What to produce — State only how many lines below include the word "Spiegel".

Listed entries —
-=-=-
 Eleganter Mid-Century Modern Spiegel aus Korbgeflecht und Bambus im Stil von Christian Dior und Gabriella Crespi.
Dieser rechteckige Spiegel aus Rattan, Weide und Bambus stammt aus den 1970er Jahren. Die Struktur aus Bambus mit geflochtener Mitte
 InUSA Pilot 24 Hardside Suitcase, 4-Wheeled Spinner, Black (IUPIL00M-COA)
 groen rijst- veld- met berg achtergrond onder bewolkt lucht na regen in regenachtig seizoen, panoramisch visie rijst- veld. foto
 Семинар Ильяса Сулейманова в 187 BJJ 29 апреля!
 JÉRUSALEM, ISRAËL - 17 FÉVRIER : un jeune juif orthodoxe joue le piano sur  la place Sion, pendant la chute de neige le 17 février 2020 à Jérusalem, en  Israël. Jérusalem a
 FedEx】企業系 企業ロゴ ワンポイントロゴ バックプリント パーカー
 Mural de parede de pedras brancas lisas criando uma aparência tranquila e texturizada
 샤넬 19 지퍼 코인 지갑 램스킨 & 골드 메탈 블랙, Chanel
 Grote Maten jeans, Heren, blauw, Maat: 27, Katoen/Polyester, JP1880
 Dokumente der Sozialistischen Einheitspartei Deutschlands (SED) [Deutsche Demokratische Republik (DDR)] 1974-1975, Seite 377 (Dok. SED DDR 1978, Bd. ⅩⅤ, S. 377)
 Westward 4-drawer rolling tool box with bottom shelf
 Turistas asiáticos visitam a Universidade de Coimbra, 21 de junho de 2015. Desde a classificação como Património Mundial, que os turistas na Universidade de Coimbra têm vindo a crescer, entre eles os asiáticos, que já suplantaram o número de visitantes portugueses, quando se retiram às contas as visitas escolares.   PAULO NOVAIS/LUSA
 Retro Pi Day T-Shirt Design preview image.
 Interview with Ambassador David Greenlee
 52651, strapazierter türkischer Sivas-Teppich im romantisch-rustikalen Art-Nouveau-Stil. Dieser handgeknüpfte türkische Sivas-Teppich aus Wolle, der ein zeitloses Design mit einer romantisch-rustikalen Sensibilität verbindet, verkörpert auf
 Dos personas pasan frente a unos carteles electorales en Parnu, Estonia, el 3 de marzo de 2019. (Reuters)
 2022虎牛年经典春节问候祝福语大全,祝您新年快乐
-=-=-
Response for this exercise — 2